Любинька и Сашенька Горяиновы не дождались в наступивший четверг своего «Чайлд Гарольда» – так они между собою прозвали Никиту Муравьева. Они разочарованно вздохнули, увидав, что «тот, другой» (то есть Артамон) приехал один. С досады, что в прошлый раз он почти не обратил на них внимания, они пришли к мнению, что Артамон Захарович – самый обыкновенный «армейский», каких много бывало в доме. Кроме Артамона Сергей привел с собой троих приятелей, но в тех не было никакой новизны и тем более загадки. Резвая Сашенька, выбежав в переднюю и застав там Артамона перед зеркалом, громко фыркнула и упорхнула.
– Наводи красоту, наводи… – Сергей зевнул. – Все равно ни одной хорошенькой не будет.
– Корнет, ты несправедлив к своим сестрам.
– За косы их дергал, а вот на́-поди – писаные красавицы… Тебе которая больше нравится, Любинька или Сашенька? – с усмешкой спросил Сергей.
В гостиной до их появления было малолюдно. Матрена Ивановна, в чепце и шали, другая пожилая дама и незнакомый офицер сидели за картами, два чиновника в вицмундирах благодушествовали, расположившись в креслах подле хозяина. Любинька, Сашенька и еще одна девица, явно скучая, то перебирали клавиши рояля, то принимались листать альбом. Вера Алексеевна сидела в эркере с вышиванием, и Артамон, обойдя гостиную, подсел к ней. Прочая молодежь затеснилась вокруг рояля, и Любинька в четыре руки с одним из гостей, прапорщиком Белецким, заиграла «Битву под Прагой».
– А что, ядро из пушки верно летит с такой силой, что не спасешься? – спросила Сашенька, когда пьеса была окончена. Все взгляды обратились на молодых военных, девицы приготовились слушать.
– Говорят, в Смоленском сражении французский батальон потерял целый ряд в своем подразделении от одного-единственного ядра, – важно отвечал Белецкой. – А что ж, и ничего удивительного. Ядро имеет необыкновенную силу даже на земле. Я сам видел, как катившимся ядром ударило солдата так, что тот умер от ушиба. Впрочем, тут ведь кому как повезет.
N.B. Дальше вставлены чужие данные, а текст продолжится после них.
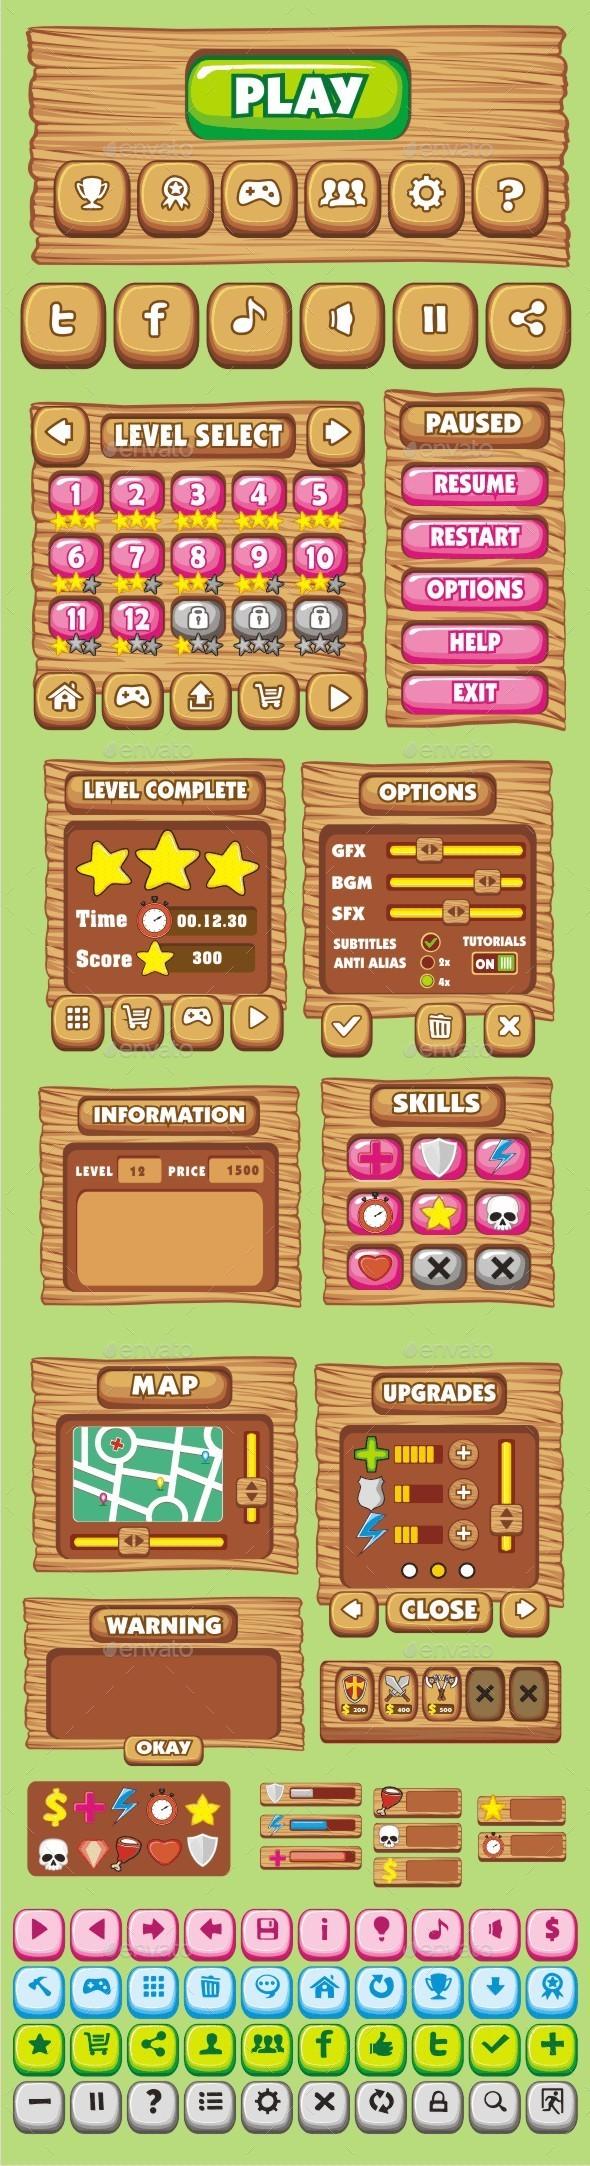 GraphicRiver cartoon game gui pack 10 10548312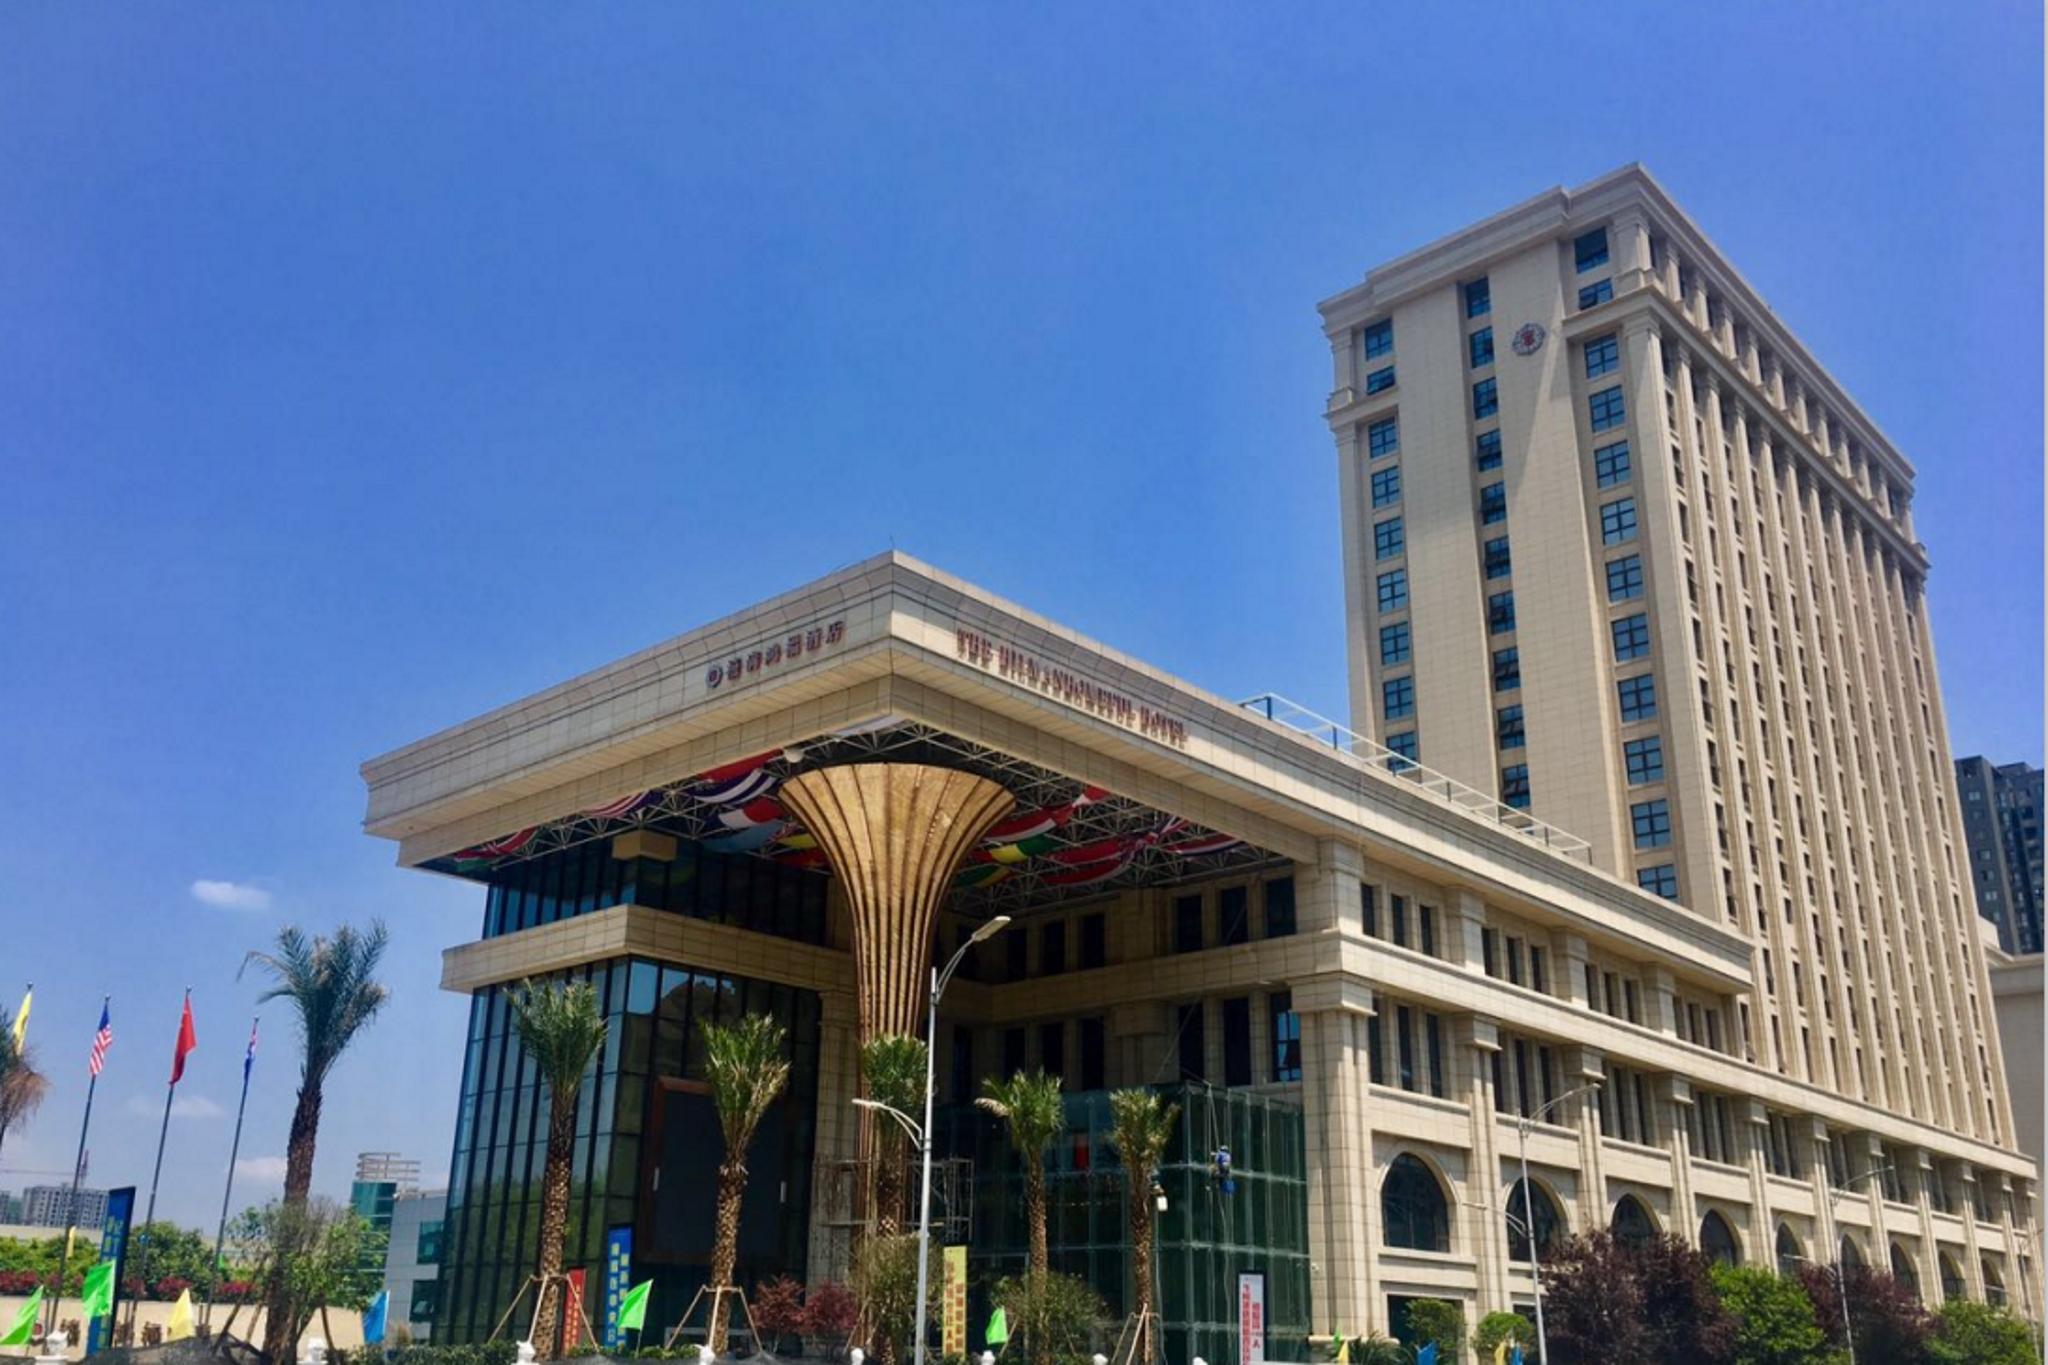 Hilmanhomeful Hotel

Одному нашему поручику ударило осколком в офицерский знак, прямо в середку, и не пробило, только вогнуло. Не рана, а царапина, пустяк.
– Страшно!
– Ничего… мы ядрам не кланялись. – Белецкой выразительно выпятил грудь. – Бывало, новичка даже осадят: «Чего зазря поклоны бьешь?» Если перелетит через головы – махнем вдогонку и скажем: «Привет нашим». А однажды, помню, сидим мы у костерка под сосной и никому за дровами идти неохота. Тут он как выпалит… солдаты, знаете, никогда не говорят «враг» или «неприятель», а всё он. Нас щепками обдало… глядим, вся верхушка сосны размолота. Вот, стало быть, и дрова.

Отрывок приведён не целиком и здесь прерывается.